Steven Mattingley had also discovered a child’s shoe hidden in one of the roosting holes when the walls were plastered to convert the building into a dwelling. The shoe was in very good condition for its age and the sole still bore the mud with pieces of straw embedded, exactly as it was when the child came into the house, wearing it for the last time.

Our search for answers led us a little further afield this time – to Julia Swann at the Boot & Shoe Department-, Guildhall Museum, Northampton. The shoe, she told us, was a boy’s shoe made sometime about 1750. For the period it was a very good quality article and very well preserved. In the style of the period shoes were made to be worn on either foot, so that by swapping the shoes around they would last longer. Miss Swann also pointed out a piece of stiff leather stitched around the heel, suggesting that the little boy who wore it did not unfasten his shoes before putting them on and that the leather had been stitched on to prevent him breaking the heels down. The shoe was fastened by two tongues of leather passing across the instep and through a buckle which was not attached to the shoe in any way. The act of holding the two leather tongues firmly together kept the shoe in place.

Concealing a shoe or indeed any other personal article within the walls of a house was a common practice about this period. Almost every old dwelling has or has had some article buried within its walls. There are many reasons for this practice. It could be a good luck symbol; it was thought to identify the occupant with the dwelling and sometimes when the article was buried in the bedroom wall it was thought to ensure the arrival of many children. I suppose it is logical therefore to assume that this building was built in the 17th century and that about 100 years later the owner converted it to a cottage for one of his workers, a use which has continued ever since.

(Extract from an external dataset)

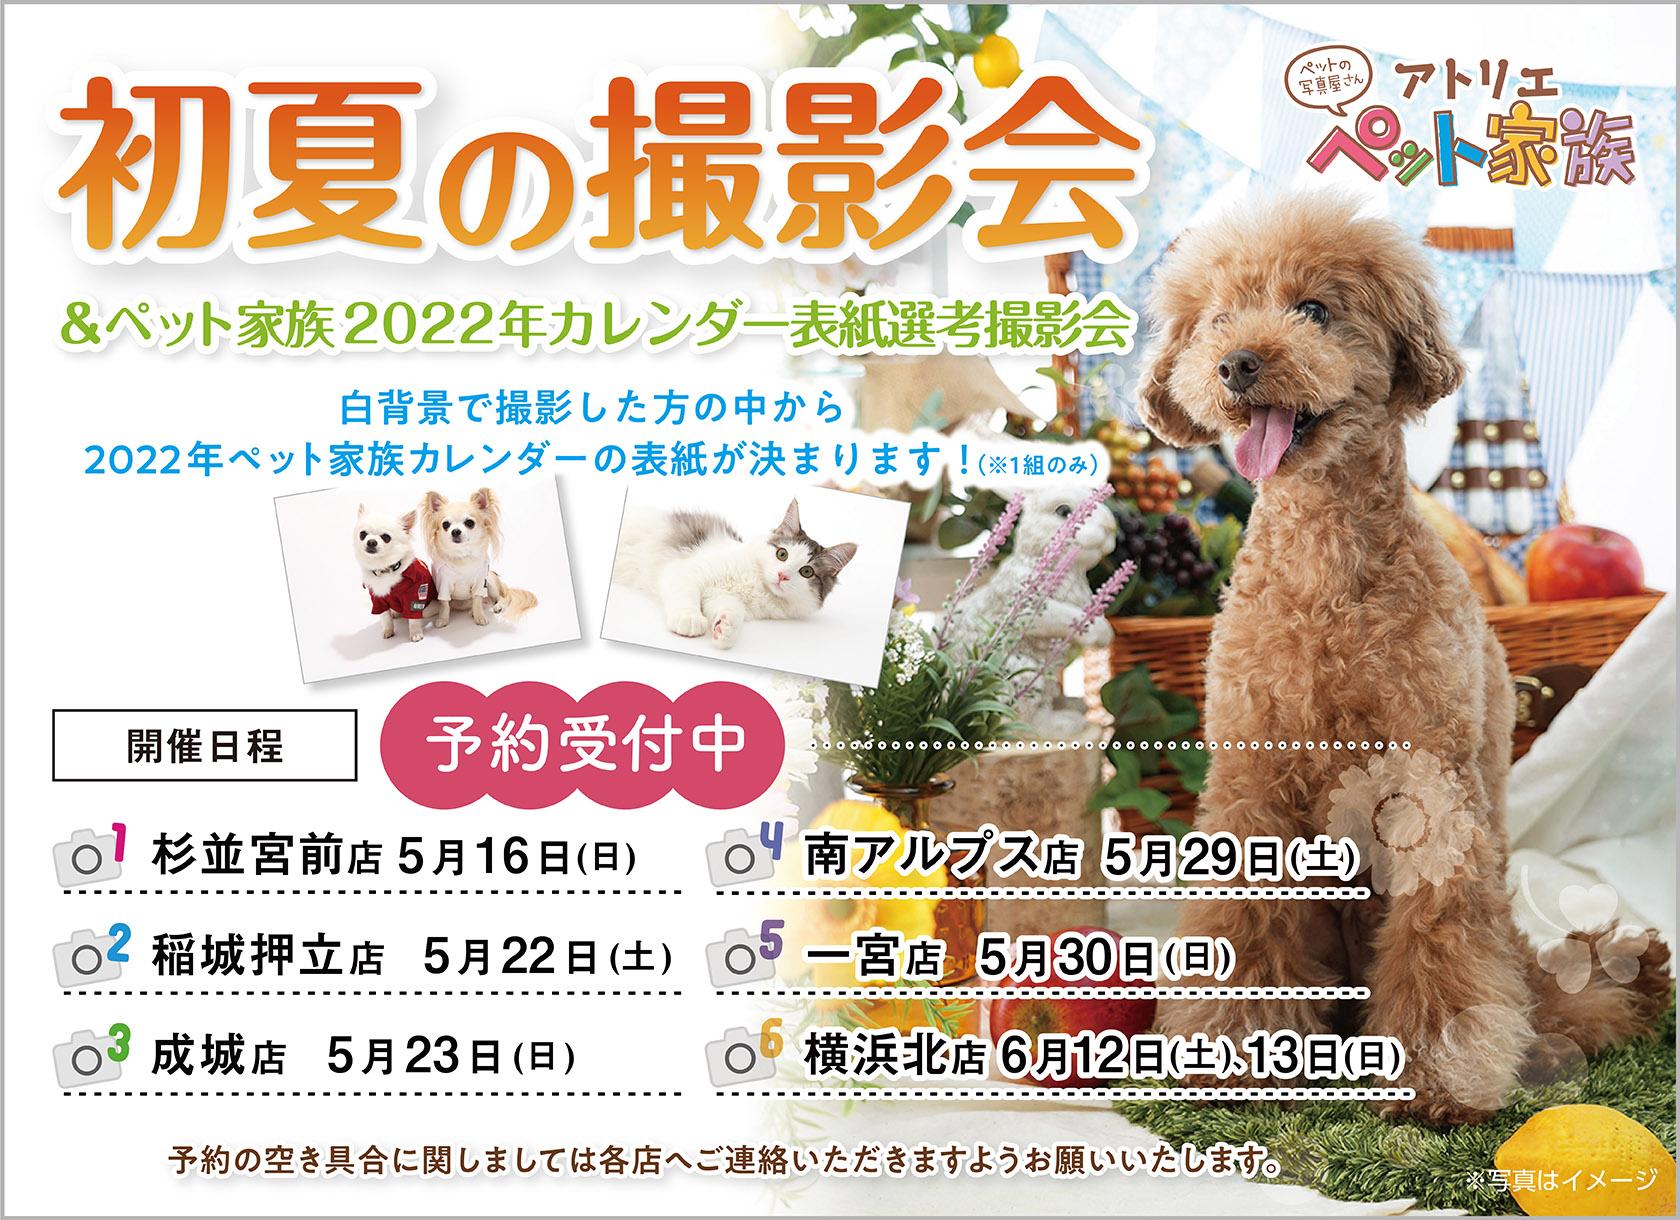 初夏の撮影会 開催!

A point of interest does arise, however. A dovecote was the right of the farmer and no one else. His pigeons were for his benefit and could not be touched even when they ate his neighbour’s crops. Was this range of buildings part of an old farmstead? We know that the old dovecote at the end of the Terrace in Milton was part of Hawkes farmstead and we have records of twenty-one of these old farms or homesteads within the old village. There are more than likely many more to be discovered.